Work request
The whole listing below should be retyped exactly, without any images.

Collected material
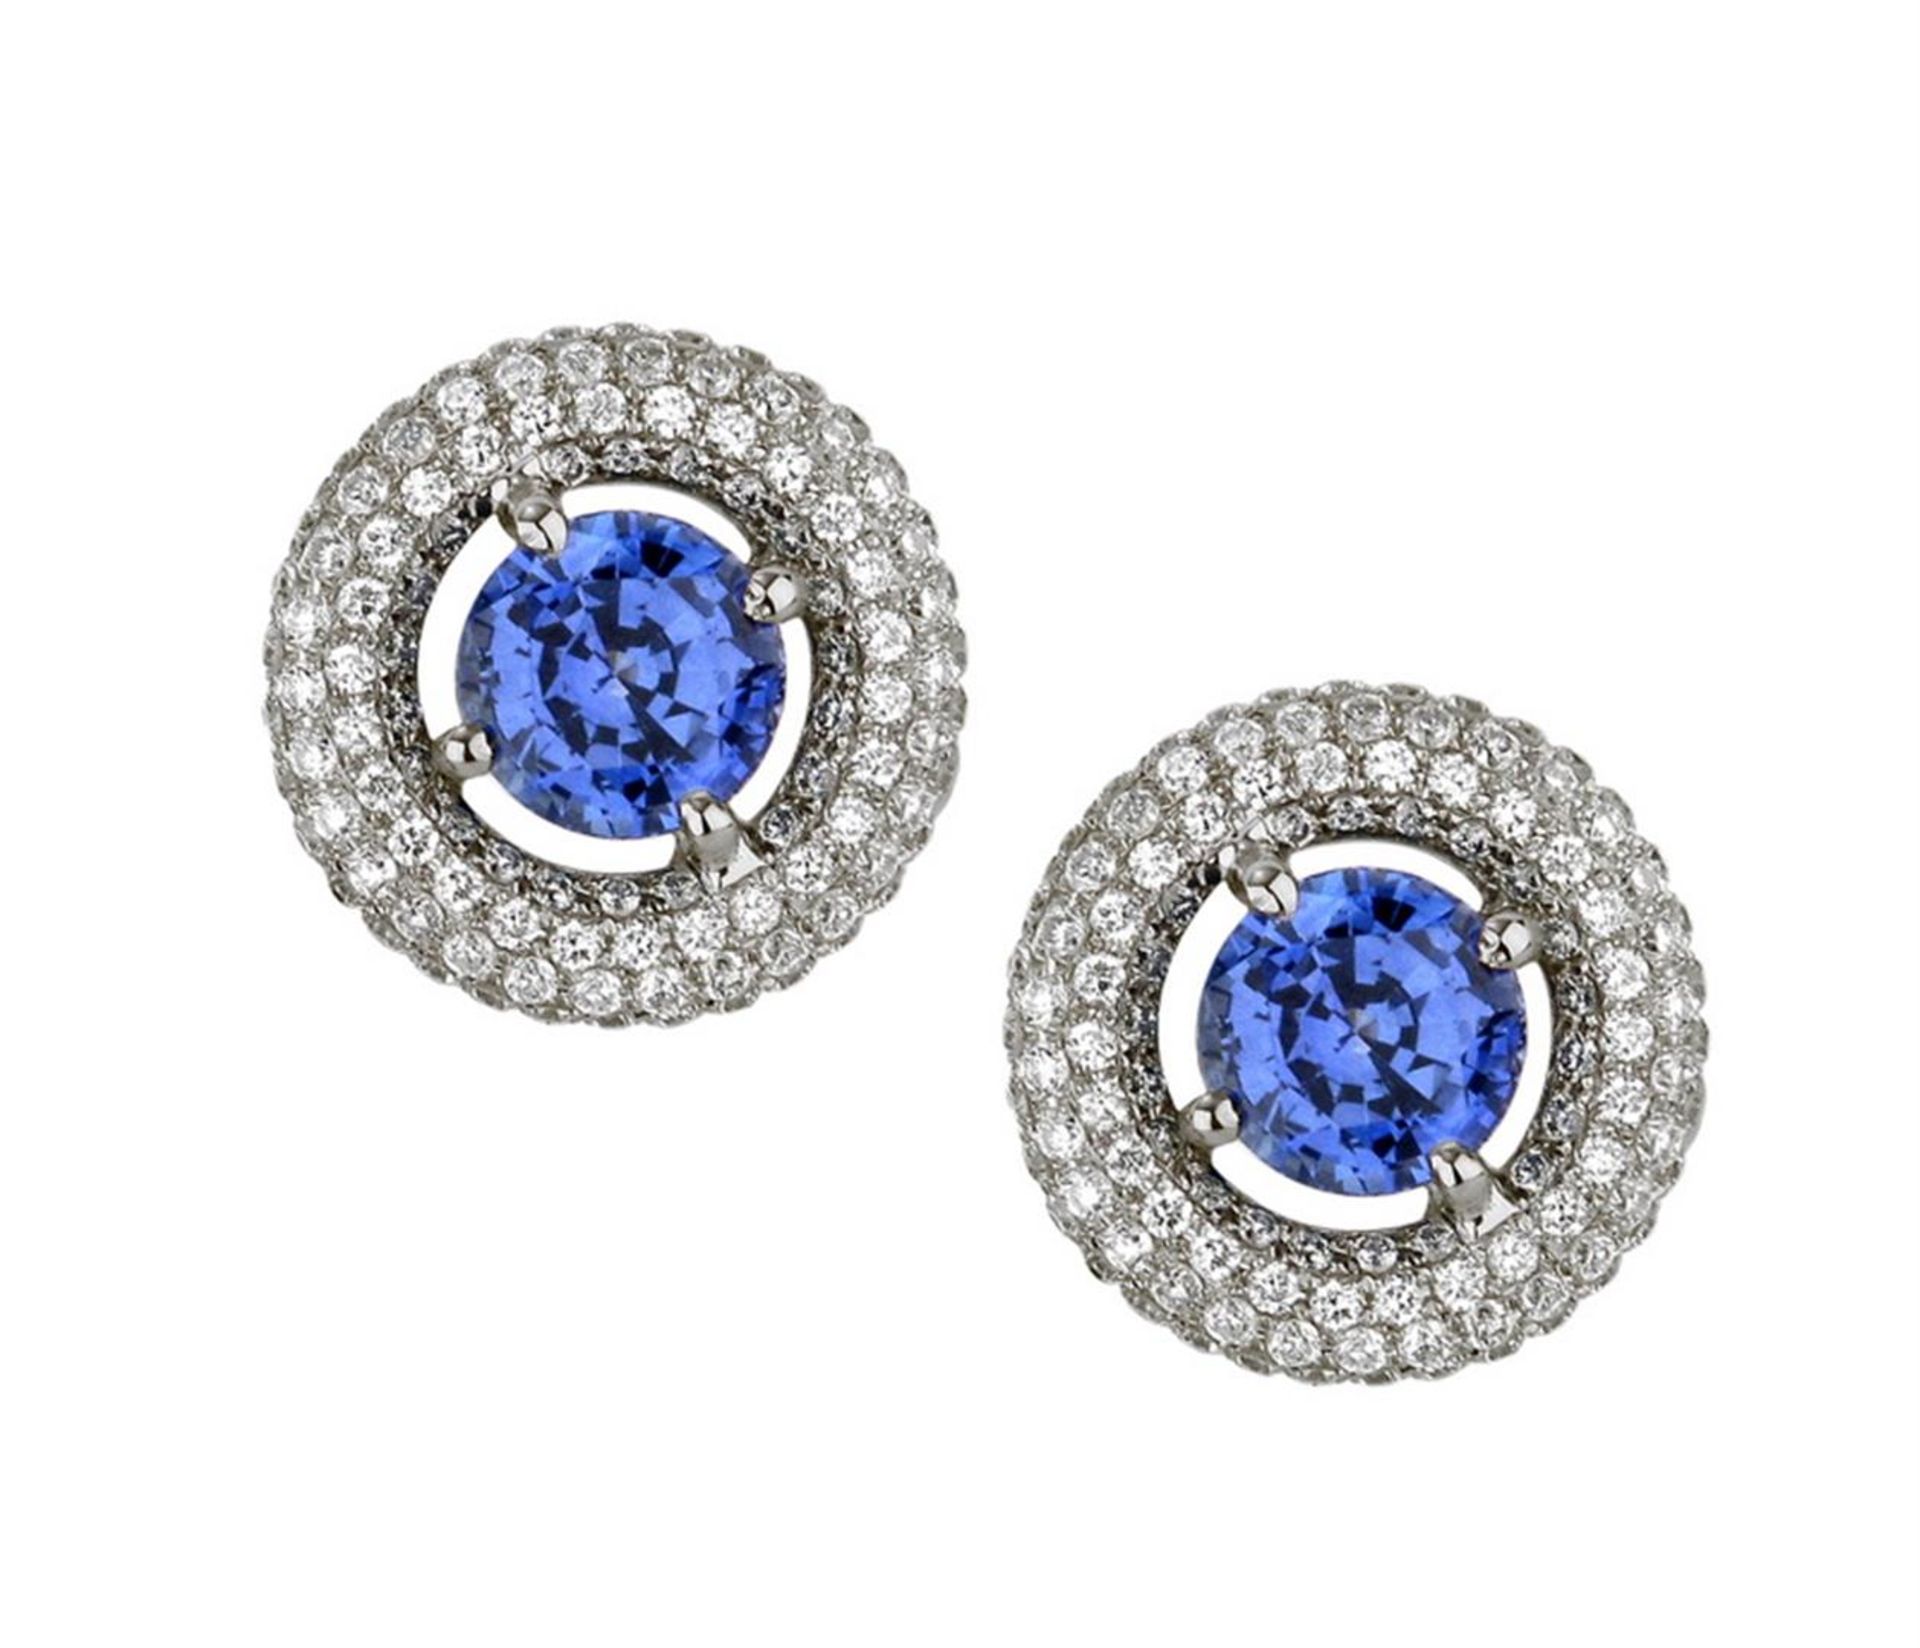 18k White Gold 3.50 ctw Diamond and Blue Sapphire Earrings, (VS1-VS2/G-H)
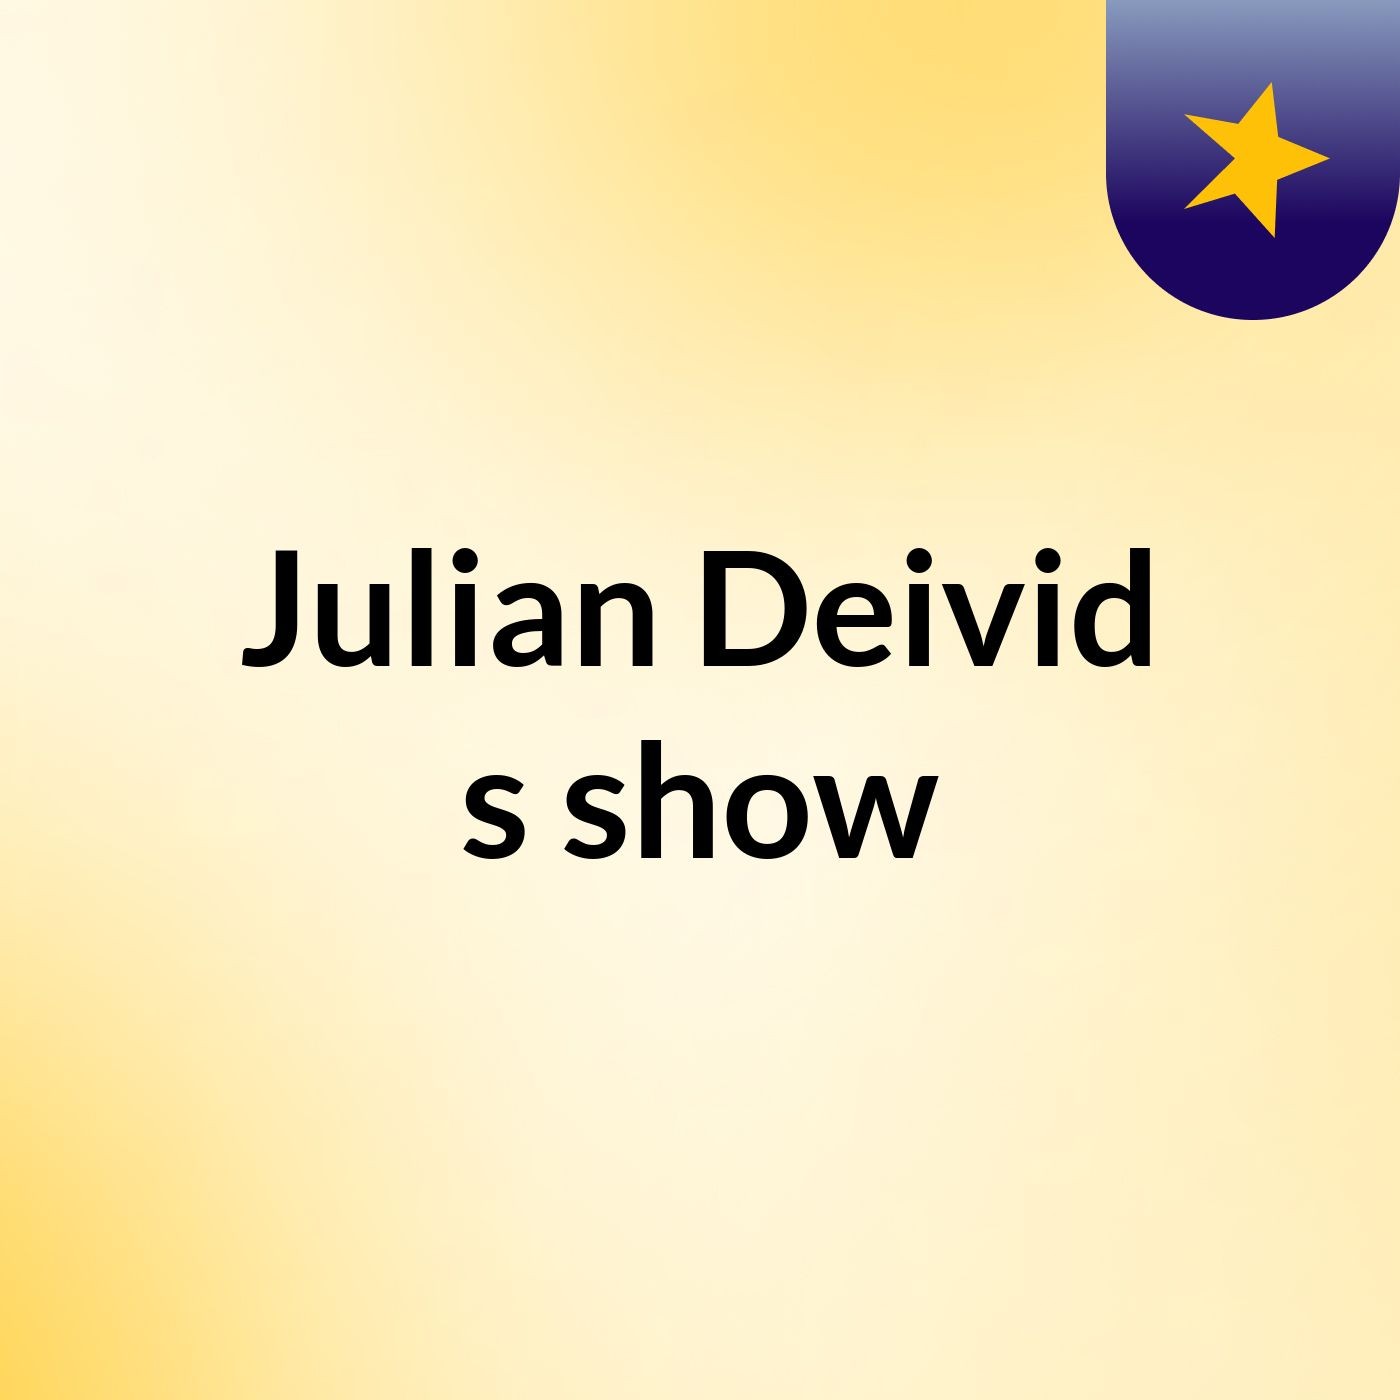 Julian Deivid's show
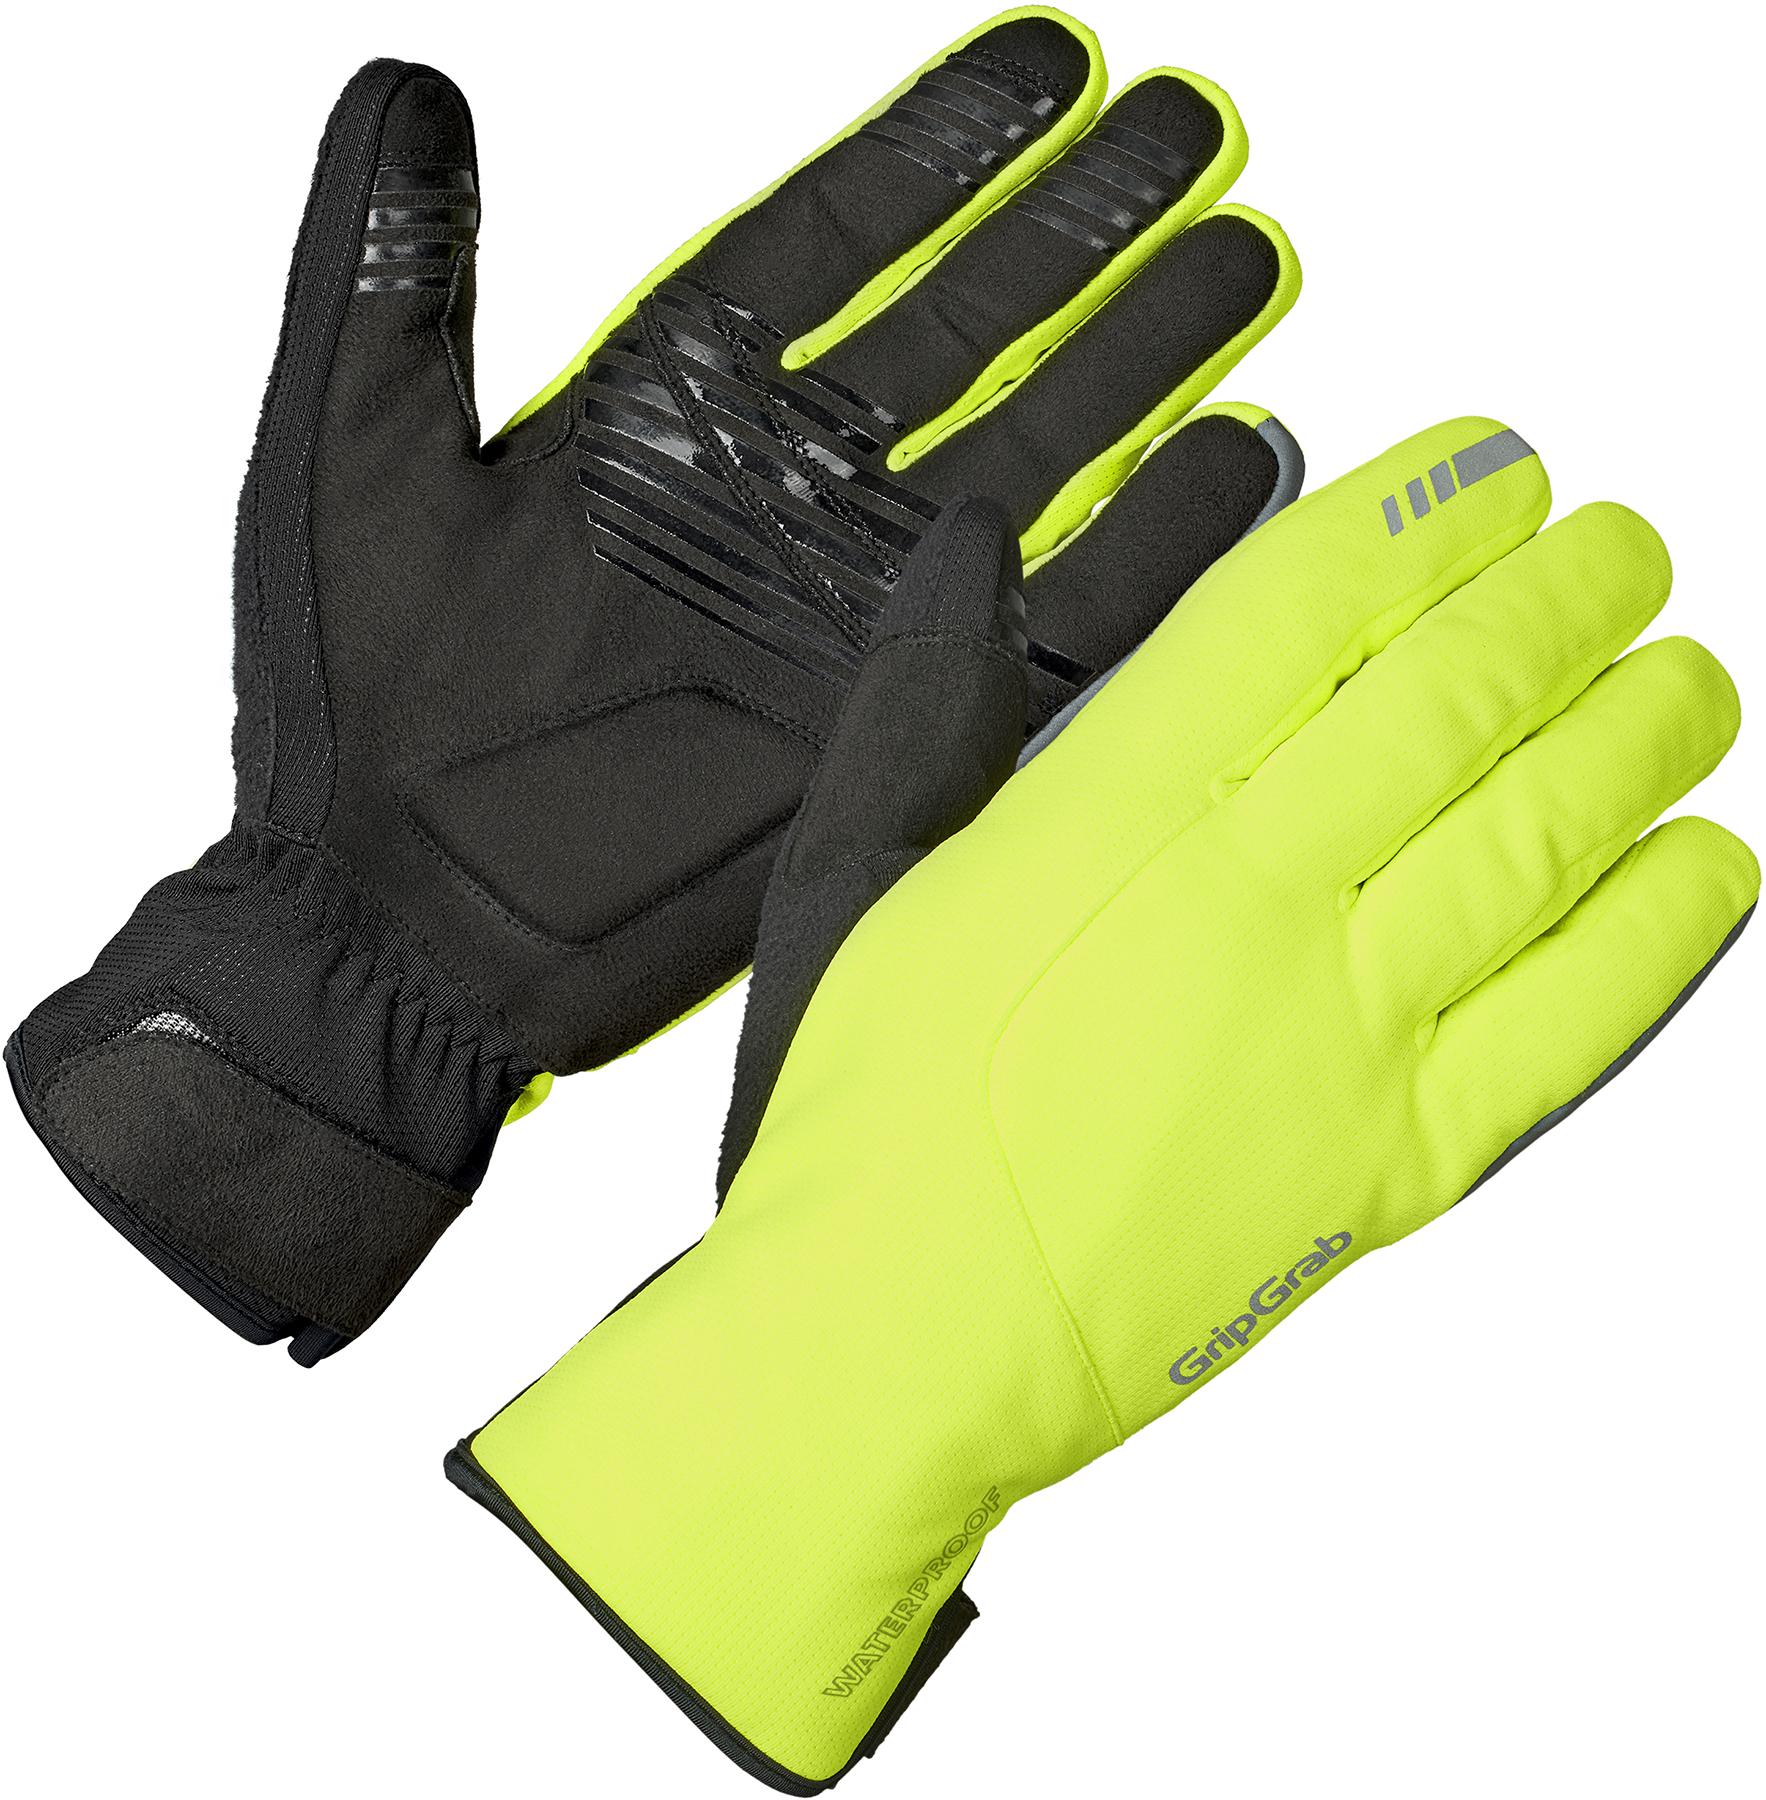 Gripgrab Polaris 2 Waterproof Winter Gloves - Hi-viz Yellow

Written response
 18k White Gold 3.50 ctw Diamond and Blue Sapphire Earrings, (VS1-VS2/G-H)
 Julian Deivid's show
 Gripgrab Polaris 2 Waterproof Winter Gloves - Hi-viz Yellow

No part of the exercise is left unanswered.